Transcribe the data exactly. Pictures stay out.

Supplied material: Begin

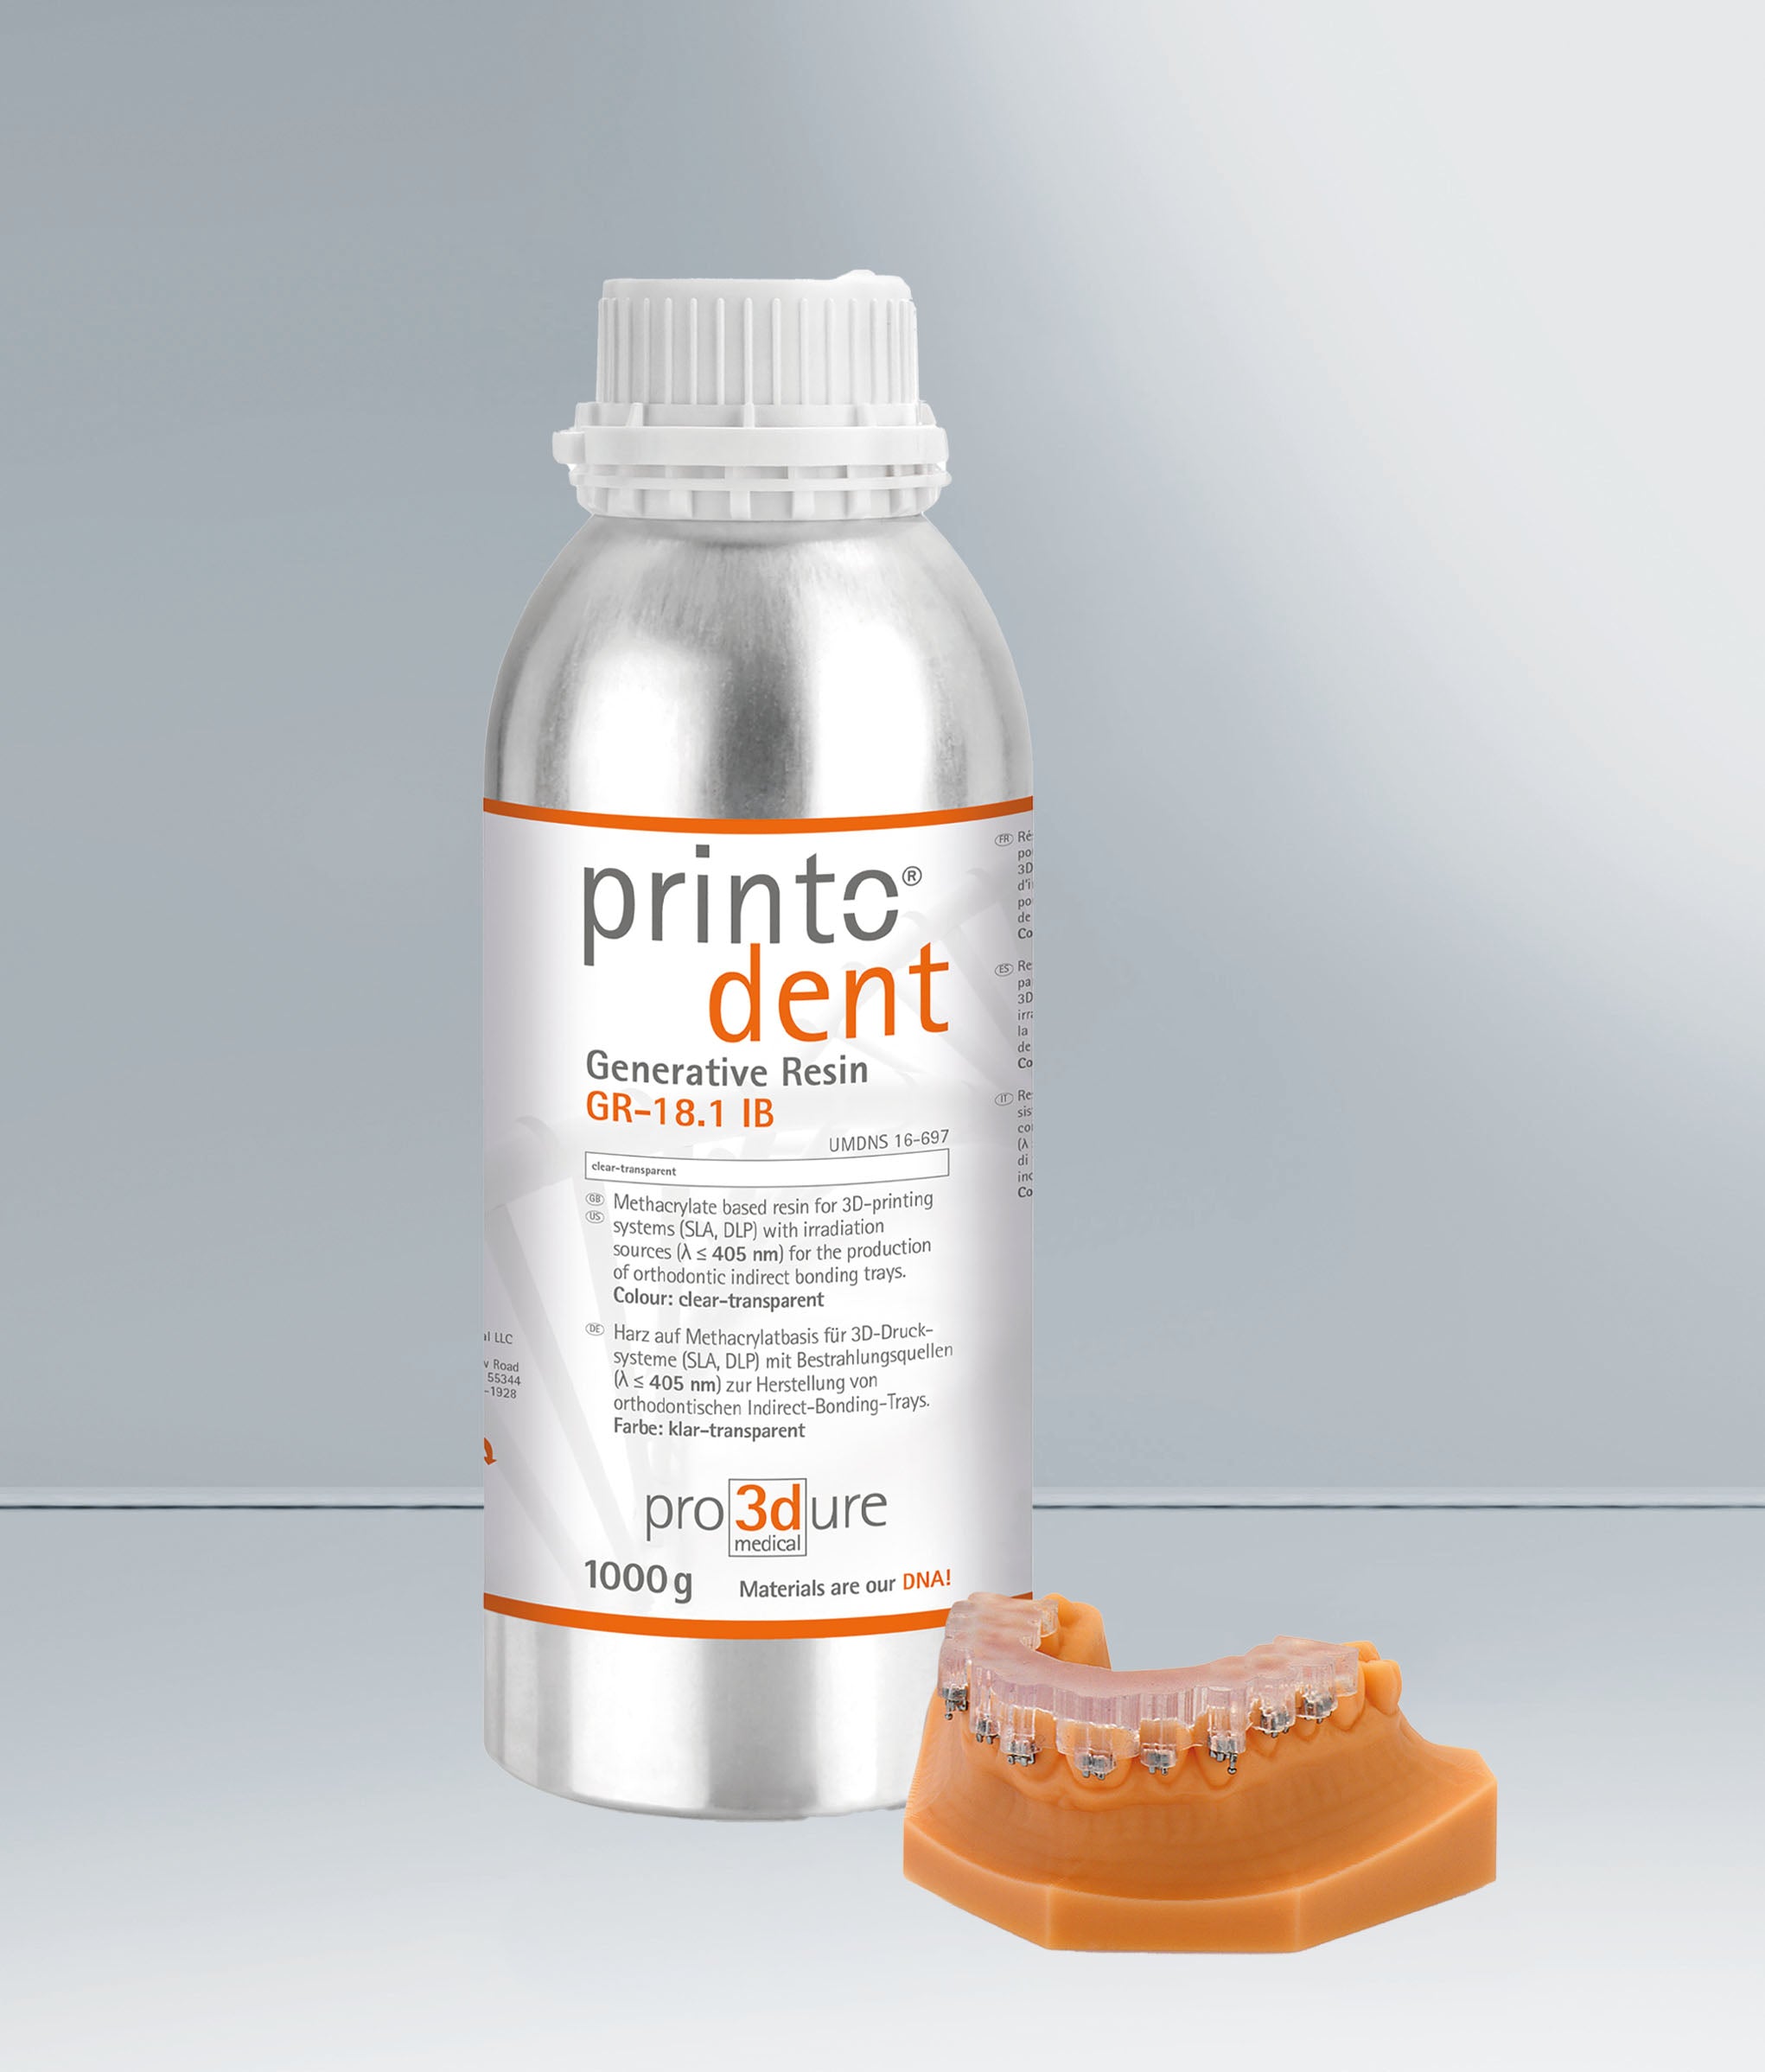 Pro3dure Printodent® GR-18.1 IB
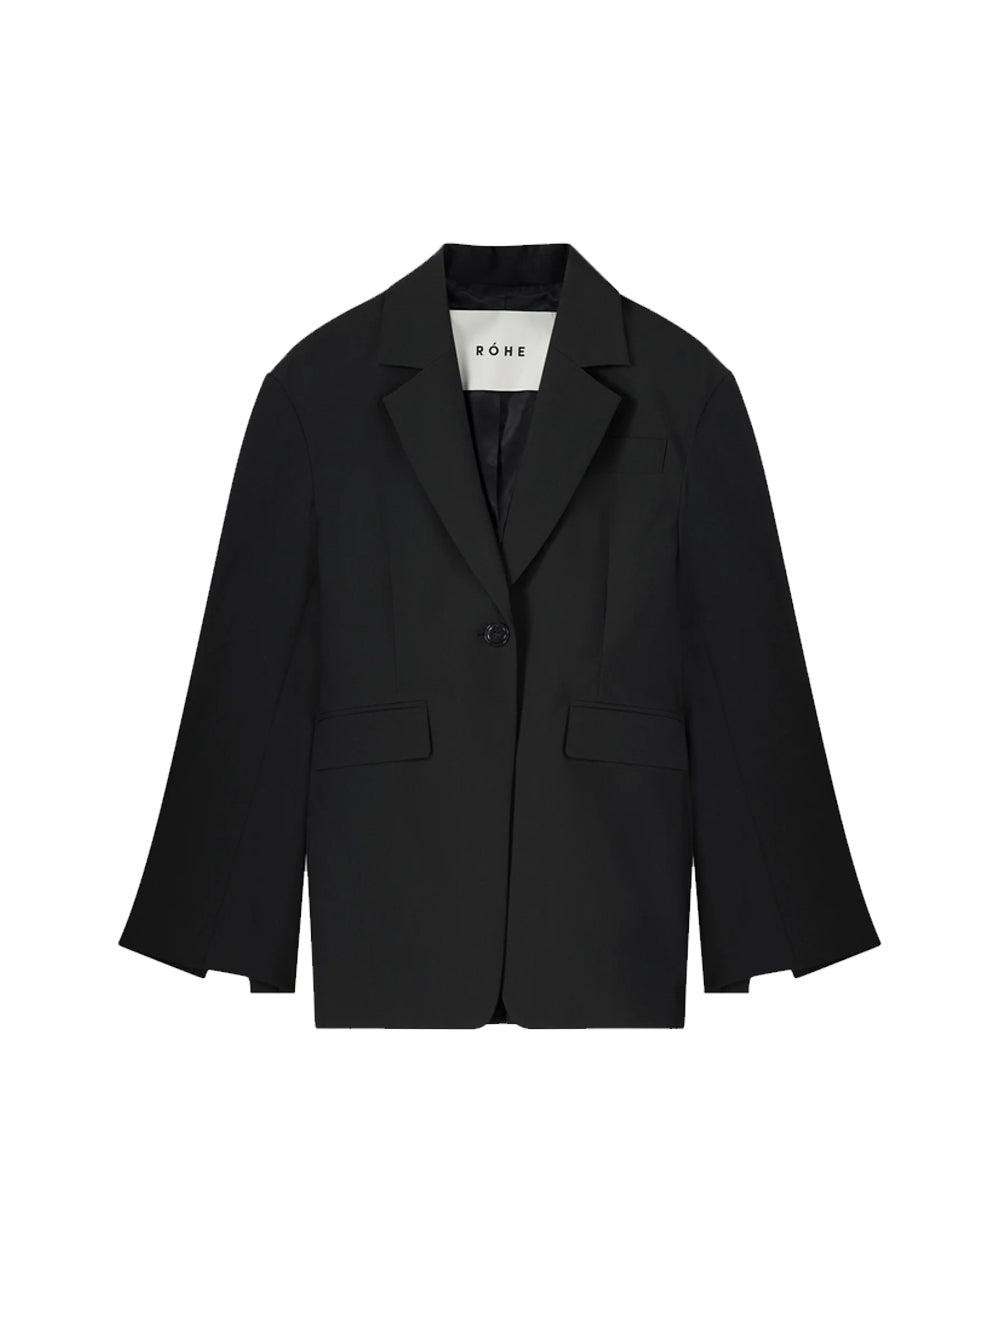 Rohe Wool Ati Structured Blazer in Black | Lyst
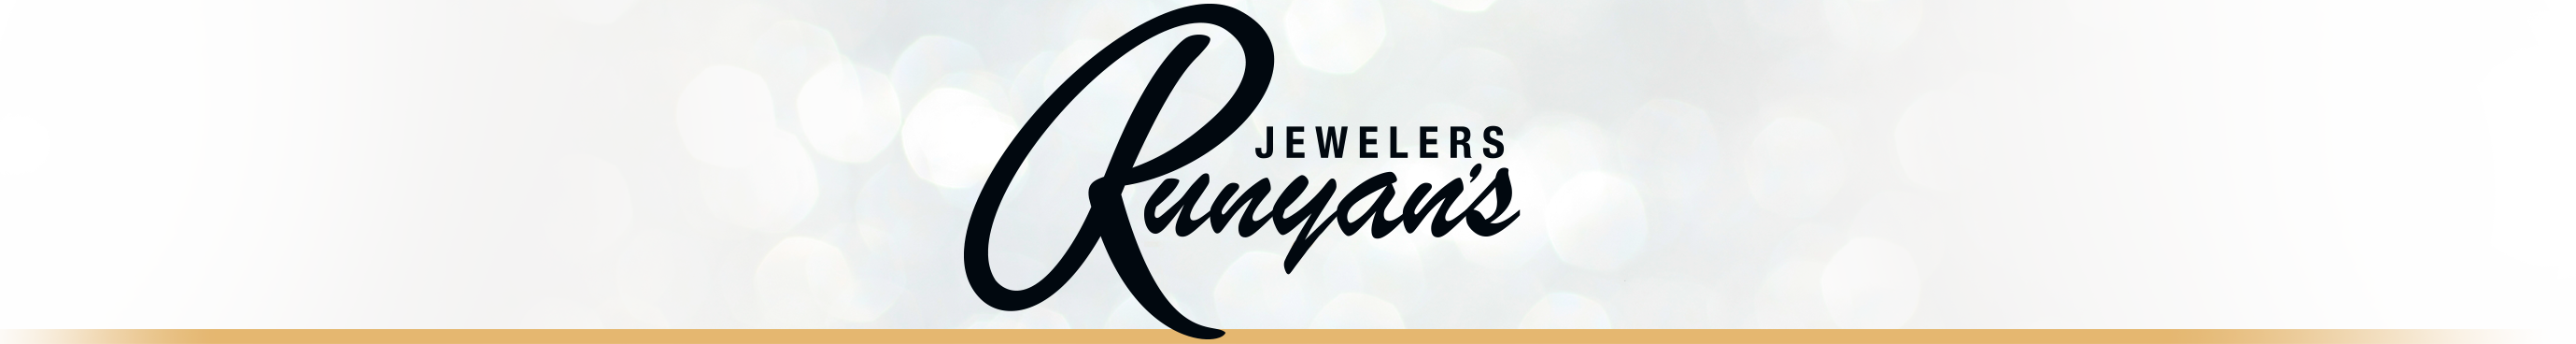 Runyan's Jewelers Logo

Supplied material: End

Answer section:
 Pro3dure Printodent® GR-18.1 IB
 Rohe Wool Ati Structured Blazer in Black | Lyst
 Runyan's Jewelers Logo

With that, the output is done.